Working data:
--- START ---
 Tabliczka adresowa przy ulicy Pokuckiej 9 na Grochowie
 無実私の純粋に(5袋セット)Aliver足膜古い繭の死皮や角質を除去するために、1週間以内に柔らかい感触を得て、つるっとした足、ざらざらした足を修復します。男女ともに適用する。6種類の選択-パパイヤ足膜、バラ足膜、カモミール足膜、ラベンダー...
--- END ---
--- START ---
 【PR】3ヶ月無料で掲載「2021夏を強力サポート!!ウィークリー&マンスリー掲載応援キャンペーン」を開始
--- END ---
Task requirements: Set down, exactly as they appear above, all lines from the one that has "Tabliczka adresowa przy" down to the one that has "無実私の純粋に(5袋セット)", including those two and no others.

Exercise result:
 Tabliczka adresowa przy ulicy Pokuckiej 9 na Grochowie
 無実私の純粋に(5袋セット)Aliver足膜古い繭の死皮や角質を除去するために、1週間以内に柔らかい感触を得て、つるっとした足、ざらざらした足を修復します。男女ともに適用する。6種類の選択-パパイヤ足膜、バラ足膜、カモミール足膜、ラベンダー...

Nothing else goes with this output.